December 3rd. Another day another cookie.
The Danish Gingerbread cookies aka "Brunkager" has a very long history dating back to the late 1400s. The name stems from Peberkager or Pepper cookies, but pepper is not meaning the spice pepper, but more likely meaning strong flavored cookies. Traditionally the cookie contains the warm spices we all use in fall, like ginger, cinnamon, cloves and cardamom.
The tradition of baking gingerbread cookies for christmas, became more common, when it became easier to control the temperature of the ovens, back in the mid 1800s.
Most families have their own recipe for gingerbread cookies. I never got my parents recipe. I was sad to see that it wasn't in my mothers little black recipe book, when I got it a few years ago. I remember rolling out the doug and using cookie cutters to make small men, women, hearts, stars and Yule Goats. We rarely decorate the cookies with icing, I think my parents didn't like the mess and the cookies became to sweet.

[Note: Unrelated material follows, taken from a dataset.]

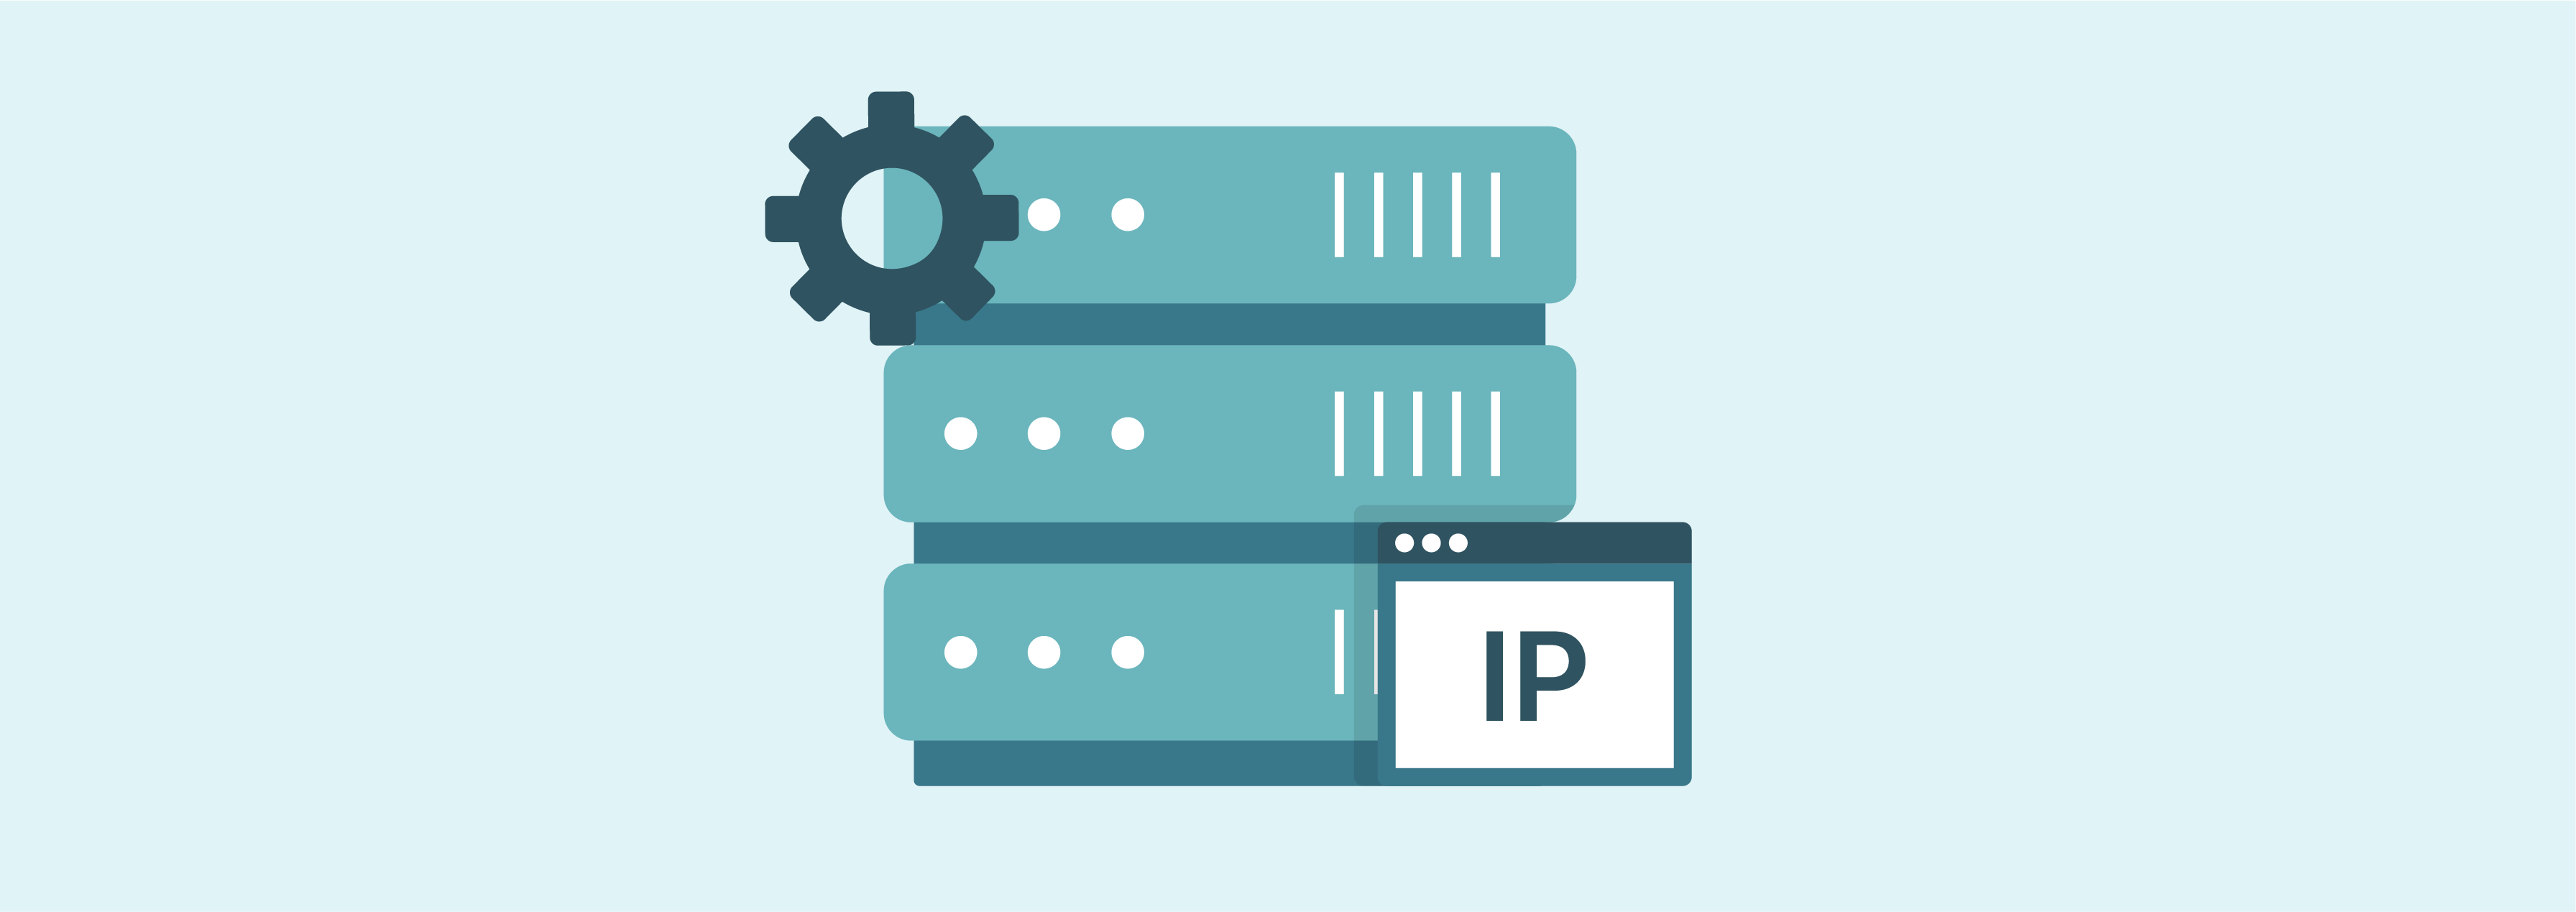 Guide to configuring server and IP settings for Magento 2 email deliverability.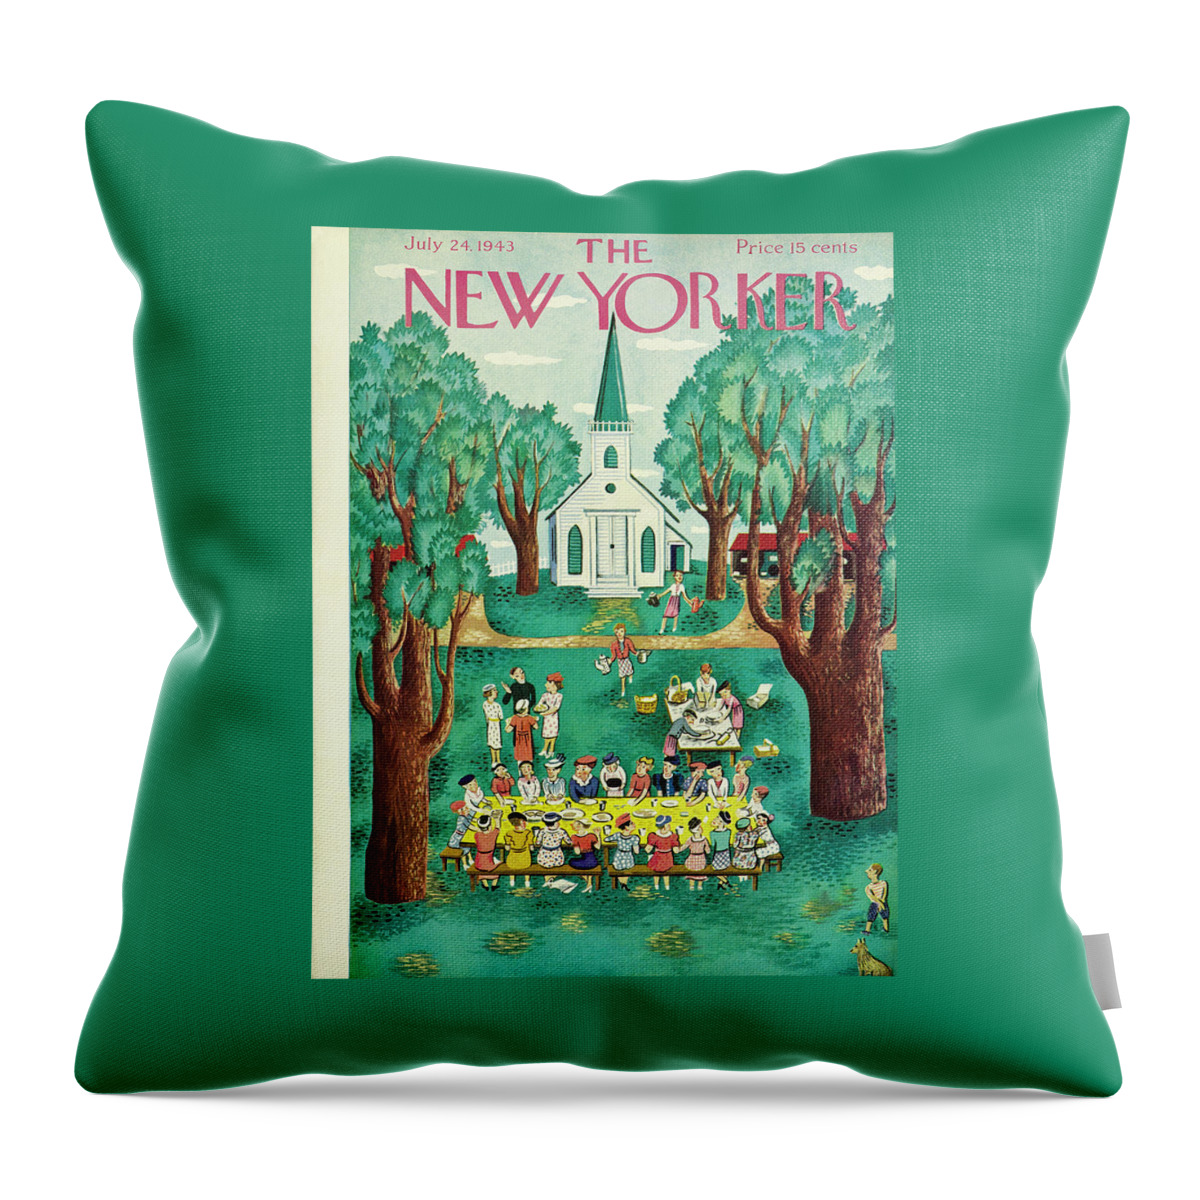 New Yorker July 24 1943 Throw Pillow

So I had to find one that I liked. And this one is nothing like the one my mom baked. I love Mette Blomsterberg, so of course I found one of her recipes. This is how I made the cookies:
Ingredients:
250 g butter
125 g syrup I use "lys sirup" from dansukker*
250 g brown sugar
2 teaspoon Potassium carbonate K2CO3 (Potaske)**
1 tablespoons cold water
3 teaspoons cinnamon
1 teaspoon ground cloves
2 teaspoons ground ginger
1 teaspoon ground allspice
60 g candied orange peel
25 g raw pistachios
150 g Almonds
500 g All-purpose flour
Directions:
Melt butter, syrup and brown sugar in a saucepan on medium heat, until it reaches 160 ℉ (70 ℃). Remove saucepan from heat.
Mix allspice, cinnamon, cloves, ginger and flour and add orange zest, almonds and pistachios.
Dissolve the Potassium carbonate (potasken) in the water and add it to the flour mixture.
Mix it all together in a stand mixer, until the dough is uniform.
Put the batter in a baking pan lined with parchment paper. Press well to fill the baking pan completely. Cover the dough with a piece of parchment paper. Let cool at room temperature until the next day. The dough should be about 1 inch high in the pan.
Cut the dough into 3-5 logs with a sharp knife. Cut each log in thin slices and bake them on a baking sheet lined with parchment paper at 355℉ (180℃) for 9-13 minutes.
Cool completely on a rack and store in an airtight container.
* You can get the syrup here
** You can replace potaske with baking soda, but the cookies won't be as crispy. You can get potaske here.